In an email, Paros, the UMass alumni, says his donation to UMass has been managed better than his donation to the University of Washington but not as well as his donation to Columbia University. He says the ability to make the value of his donation grow was one of the priorities of his gift in order for it to become self-funding and perpetual.
“It was a factor insofar as one would like the growth to exceed the inflation-adjusted expenditures, but I feel it is more important to treat the endowment as an entrepreneur would,” Paros wrote. “This means higher risk for higher rewards rather than settling for minimal low-risk returns.”
Pagnam says the foundation has been looking to get its foot in the door with some alternative investments. But he says those investments require large up-front capital outlays and personal relationships with the principals of startups or emerging companies, neither of which UMass has had before.
Bookbinder scoffs. “How much do they have?” he asks. “Six hundred million? They can get into any fund that they want.”

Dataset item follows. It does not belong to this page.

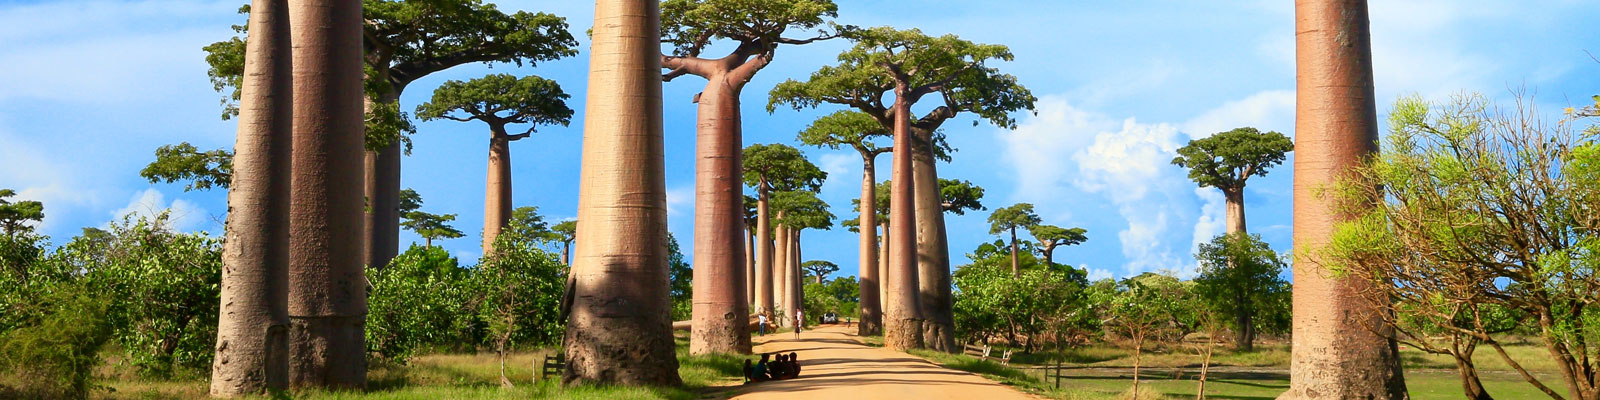 Madagascar  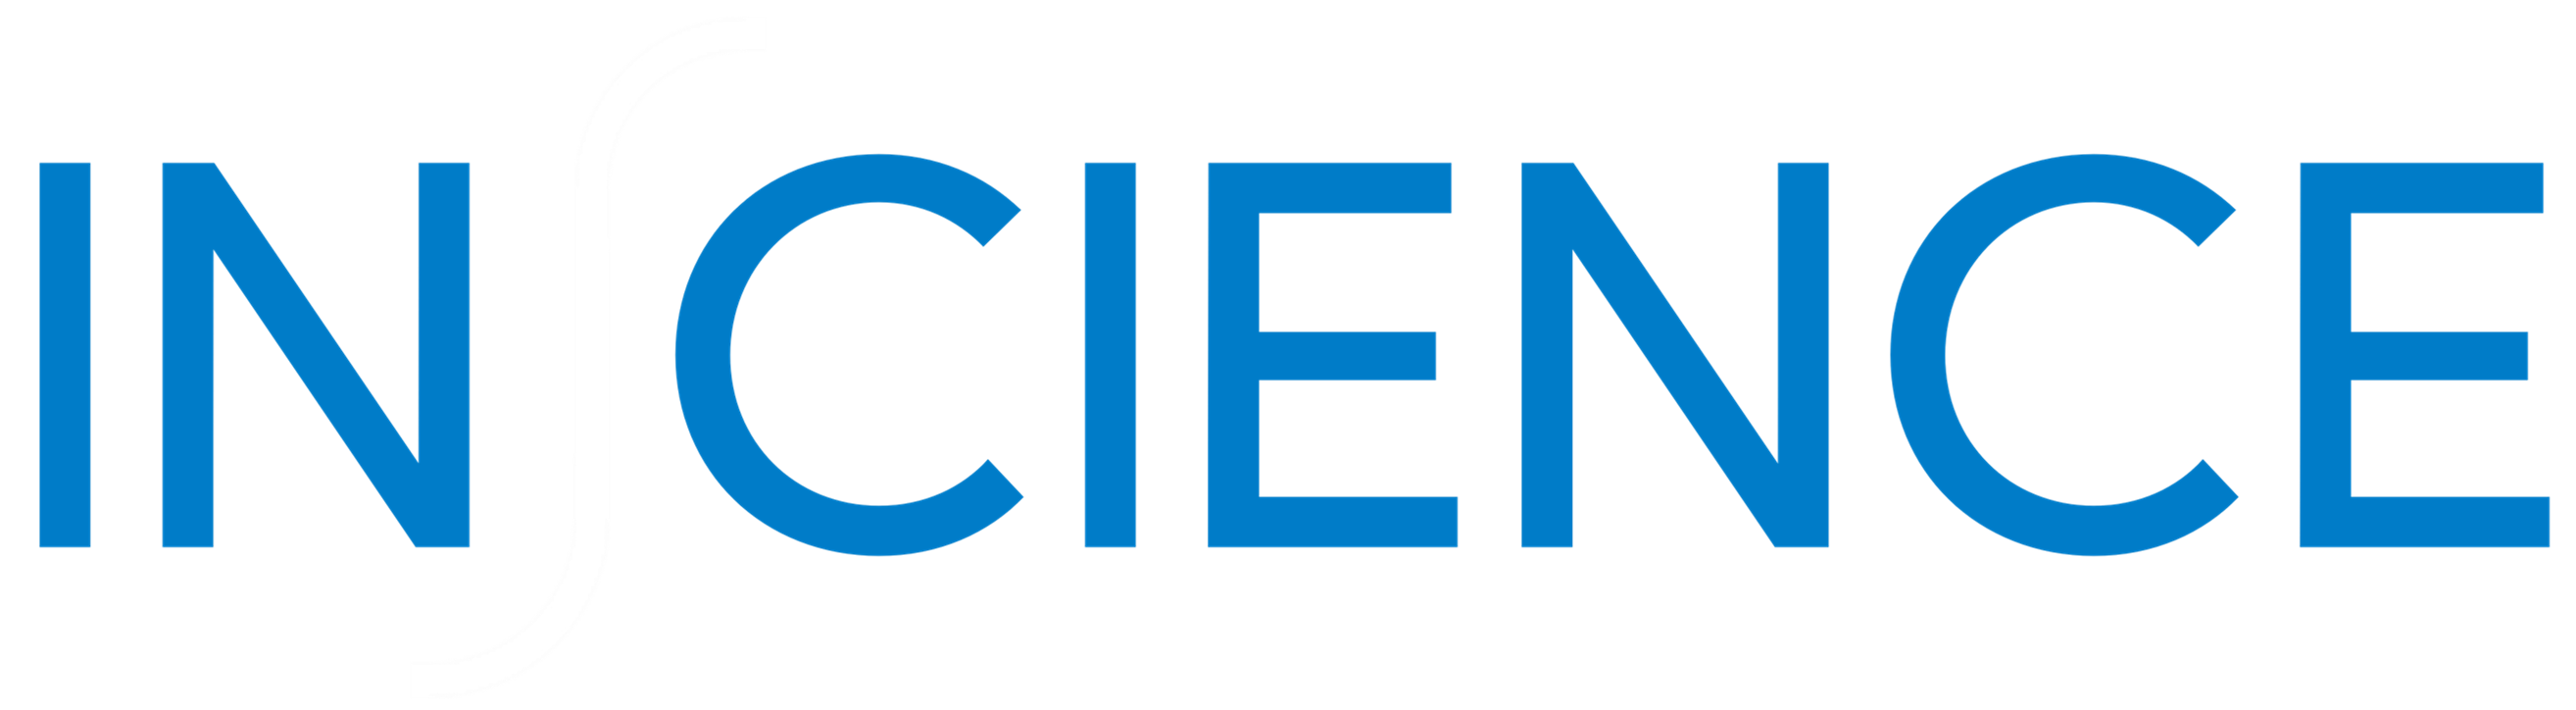 InScience logo

Pagnam insists it’s not that simple.
“It’s very, very difficult to get in,” says Pagnam. “A Yale and Harvard and those who have been in for some time, they go back to people they already know. The best don’t have to look for new people to put into their fund… I’m very comfortable in the approach that the investment committee is taking to get into the private arena. This same conversation in five years will be a different conversation.”


I would like endowments to give more of a voice to those who contribute to the fund. What endowments, if any have a board that includes even one member elected by contributing graduates? I don’t even know of any who take an advisory survey regarding investment strategies or use of funds.